One of Saratoga's perfect, cute, adorable, wonderful signs.
Does it get any better than Saratoga in the summer? Probably not, or I wouldn't be dreaming of it every day. The leafy streets, the gaudy Victorians, the red-and white awnings of the grandstand... and all those horses.

Thoroughbreds everywhere.

Heaven.

There's even a barn named Horse Heaven. Genius!

Look, I know Ocala is the Horse Capital of the World (TM) and I know that's probably disputed by Lexington. I've lived in one town; I've visited the other. But Saratoga, graceful beautiful historical Saratoga, truly wears the crown. Saratoga is like Racehorse Disneyland. It's so perfect you have to suspect the hands of masterful Imagineers must have put it together; a shimmering illusion of what the racing life should be.

I conceived Other People's Horses while sitting at an outdoor cafe in Saratoga last summer. It was scorching hot and the sun kept finding me no matter how I wriggled around the table, trying to use the umbrella for shade and failing. I pulled my straw hat down to shield my eyes and flipped open my Fasig-Tipton catalog to the blank pages reserved for notes. Instead of jotting down observations about the yearling Thoroughbreds we'd seen at the sales pavilion earlier, I jotted down the plot of a story.

The story of Alex, the star of my first novel, The Head and Not The Heart, set loose upon poor, unsuspecting Saratoga.

Jumping in head-first at the most prestigious meet in North America, Alex, an inexperienced groom, and six horses journey to Saratoga and find that pretty is as pretty does, but one can't account for how people will behave, even in the most beautiful surroundings. There's a whole new cast of characters, including Leading Trainer Ken Doll (not his actual name), and some fun new horses, each with their own quirks and personalities.

Concept cover art for Other People's Horses
In the end, some of my favorite parts of Saratoga made it into the novel. The horses crossing the road with a horsey crossing guard to block traffic. The wonderful bars and restaurants tucked into the stately brick buildings downtown. The riots of flowers and brightly colored buildings that make up the sprawling grounds of the historic racecourse. The modern glitz of the sales pavilion where baby racehorses sell for the gross national products of small European nations.


And of course, some horses that I've loved, or lost, or met along the way.

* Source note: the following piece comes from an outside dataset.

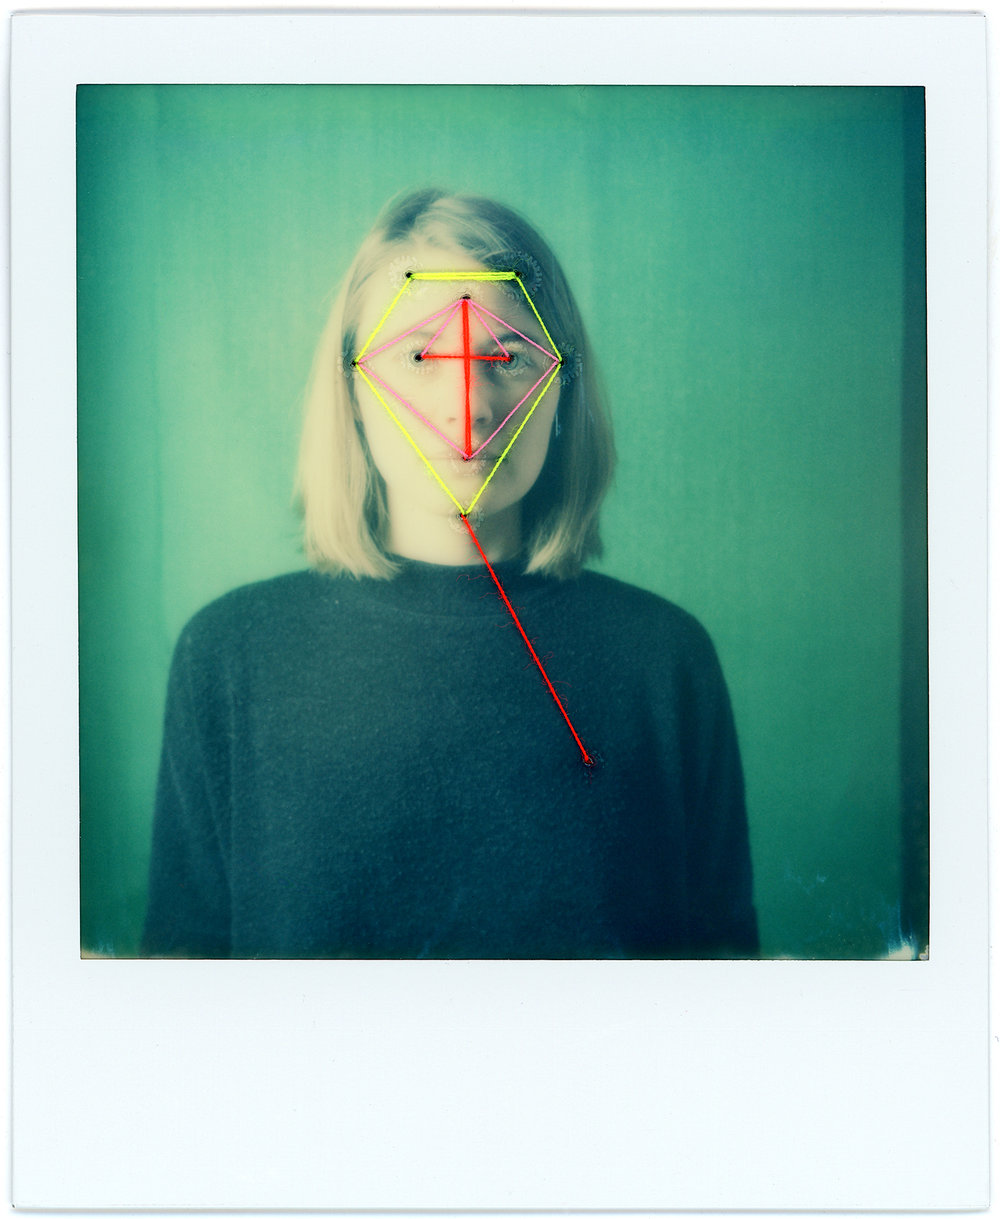 Anja's Mask | SX-70 Sonar Autofocus | Impossible Project 600 Gen3.0 | Urizen Freaza

Everything comes together under one of the hottest, driest summers Saratoga has ever known. Which, I might add, is the exact opposite of tonight. It's probably snowing up there right now. There's a reason why Saratoga is only a heavenly vacation spot for racehorse groupies in the summertime. That joint is really, really far north. 

But tonight I'm dreaming of summer-time. It's almost here again, right? I can see it, I can feel it, I can taste it now. Green trees, blue skies, soaring temperatures. Cold drinks and melting ice cream. And, oh look! There's me in my straw hat, leaning on the white rail of the paddock at Saratoga.